Shares of Expedia.com (EXPE) hit a new 52-week high of $69.76 on Dec 31, eventually closing at $69.66.
The closing share price represents a moderate one-year return of 10.1%. The average trading volume for the last three months aggregated 2,856K shares. Expedia, which currently carries a Zacks Rank #3 (Hold), has a market cap of $9.08 billion with long-term earnings growth expectations of 13.0%.
Growth in the online travel booking industry, the ongoing successful transition of TripAdvisor to the metasearch model, product enhancements, international expansion and better-than-expected third-quarter results are some of the catalysts driving the stock.
Expedia beat the Zacks Consensus Estimate on both lines in the third quarter of fiscal 2013. Earnings soared 124.1% sequentially and 0.3% year over year to $1.26 per share. The increase in earnings was primarily due to higher gross margins and solid expense management.
Revenues rose 16.3% sequentially and 15.4% year over year to $396.5 million.
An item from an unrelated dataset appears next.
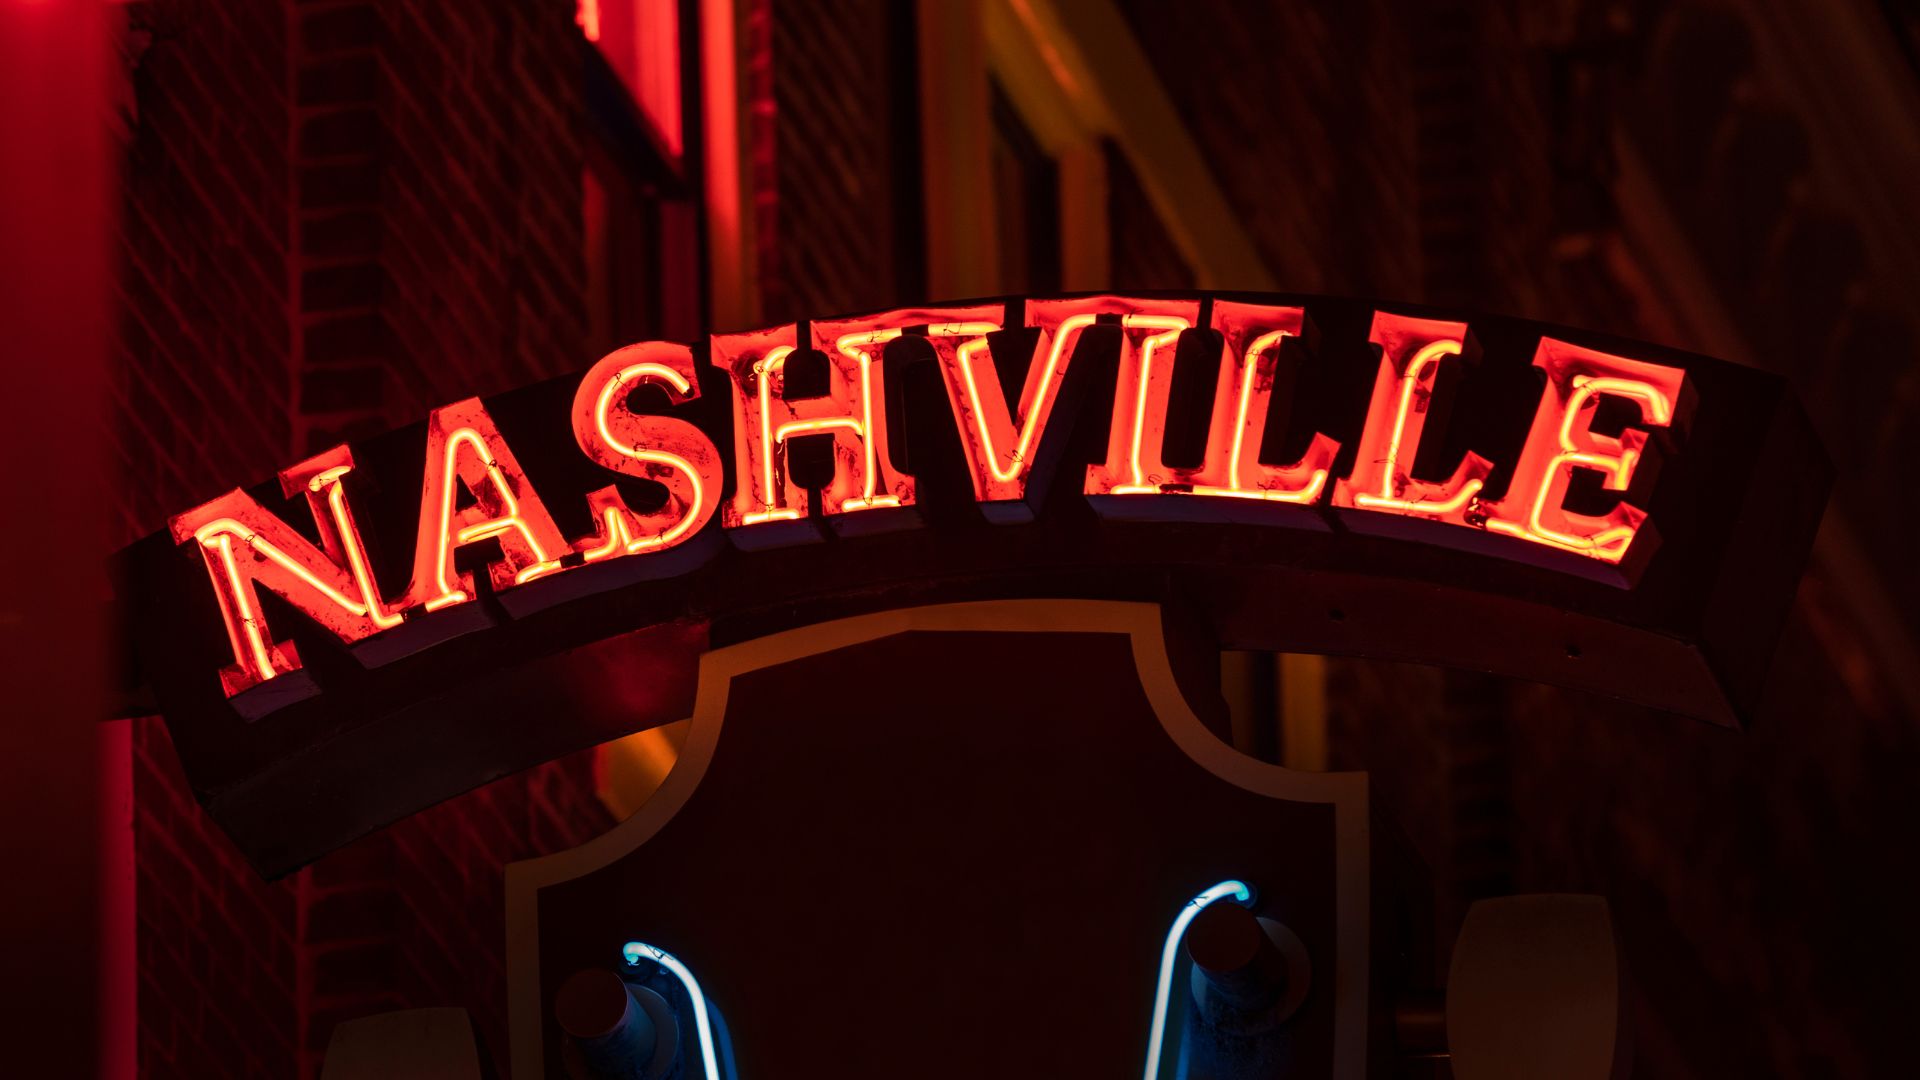 Ryan Sims Shares Fun Facts About Nashville on TikTok
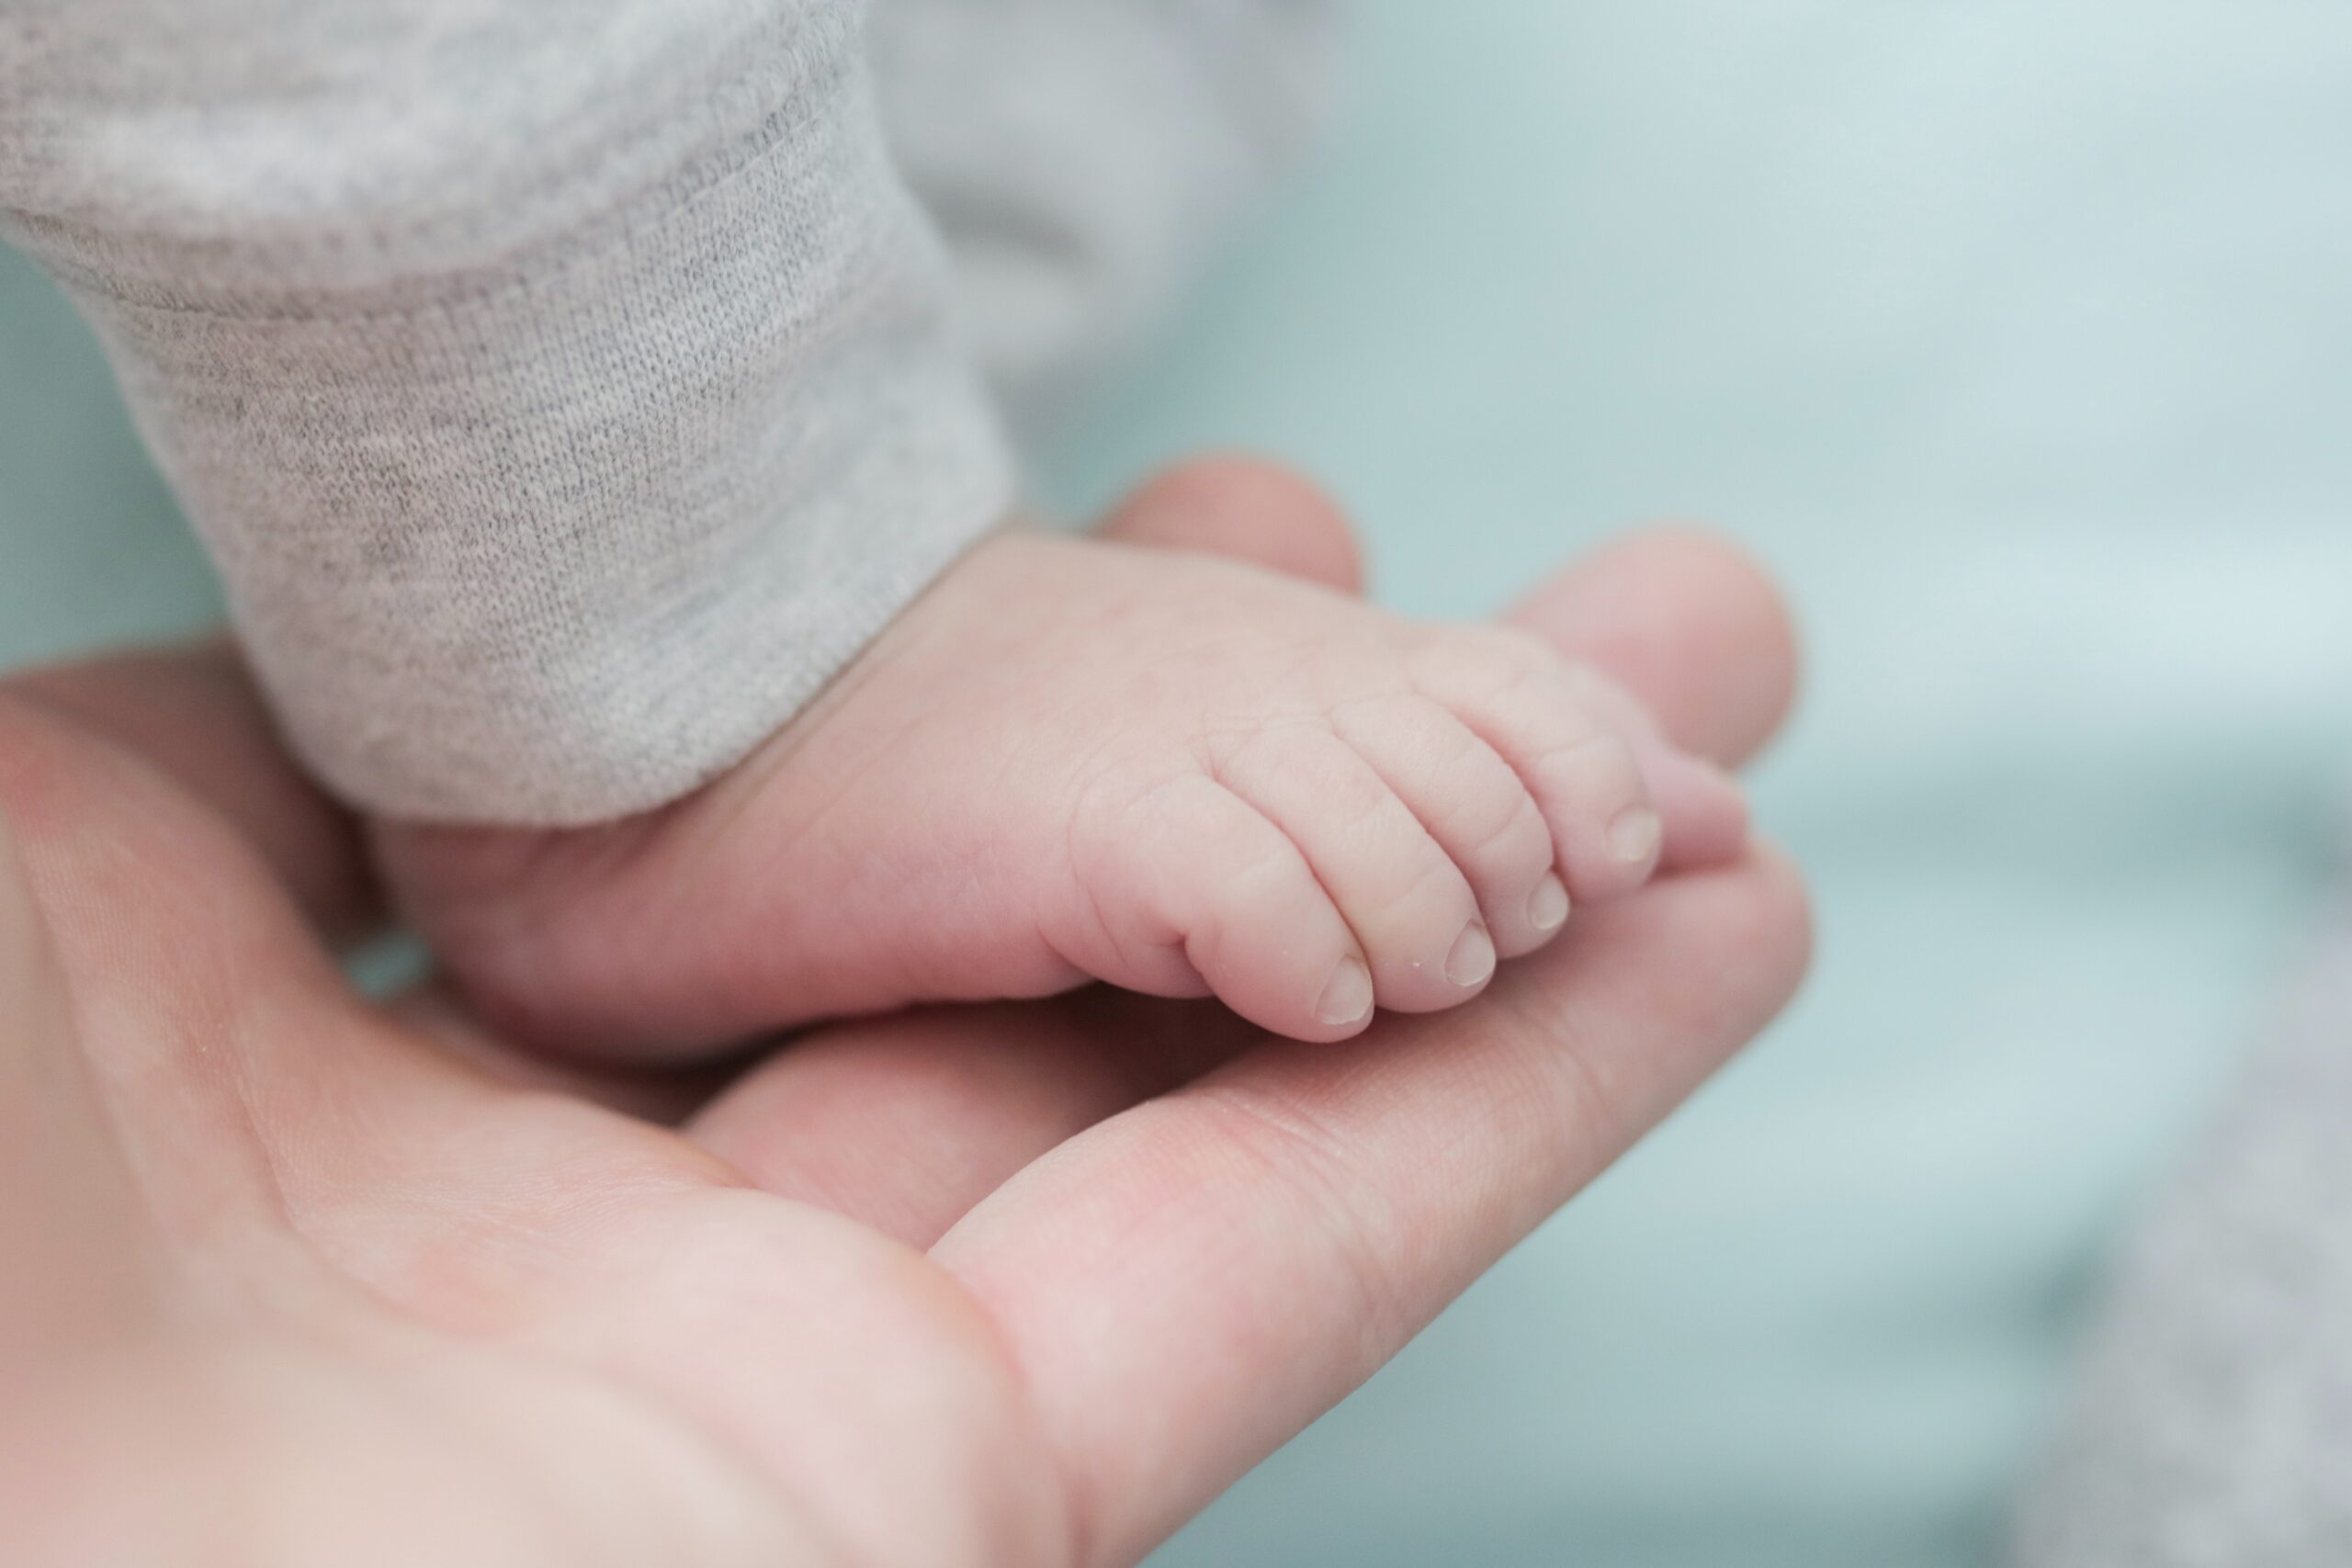 baby feet in parent's hand, Garbh Sanskar and Blessings

The strong growth in revenues was primarily driven by healthy growth rates across most brands including Expedia, Trivago and Hotels.com.
Also, the company’s expanding customer base helped it to report gross bookings of $10.44 billion, up 3.1% sequentially and 15.2% year over year in the recently concluded quarter.
Over the last 30 days, earnings estimates for Expedia remained unchanged for the current quarter as well as for fiscal 2013. The Zacks Consensus Estimate for fourth-quarter 2013 is pegged at 75 cents per share. Earnings estimates for 2013 and 2014 remained unchanged at $2.44 and $3.29, respectively.
Other Stocks to Consider
Other better-ranked stocks that are performing well at the current levels include Bitauto Holdings Limited (BITA), Priceline.com Inc (PCLN) and RetailMeNot, Inc. (SALE). While Bitauto Holdings and RetailMeNot sport a Zacks Rank #1 (Strong Buy), Priceline.com carries a Zacks Rank #2 (Buy).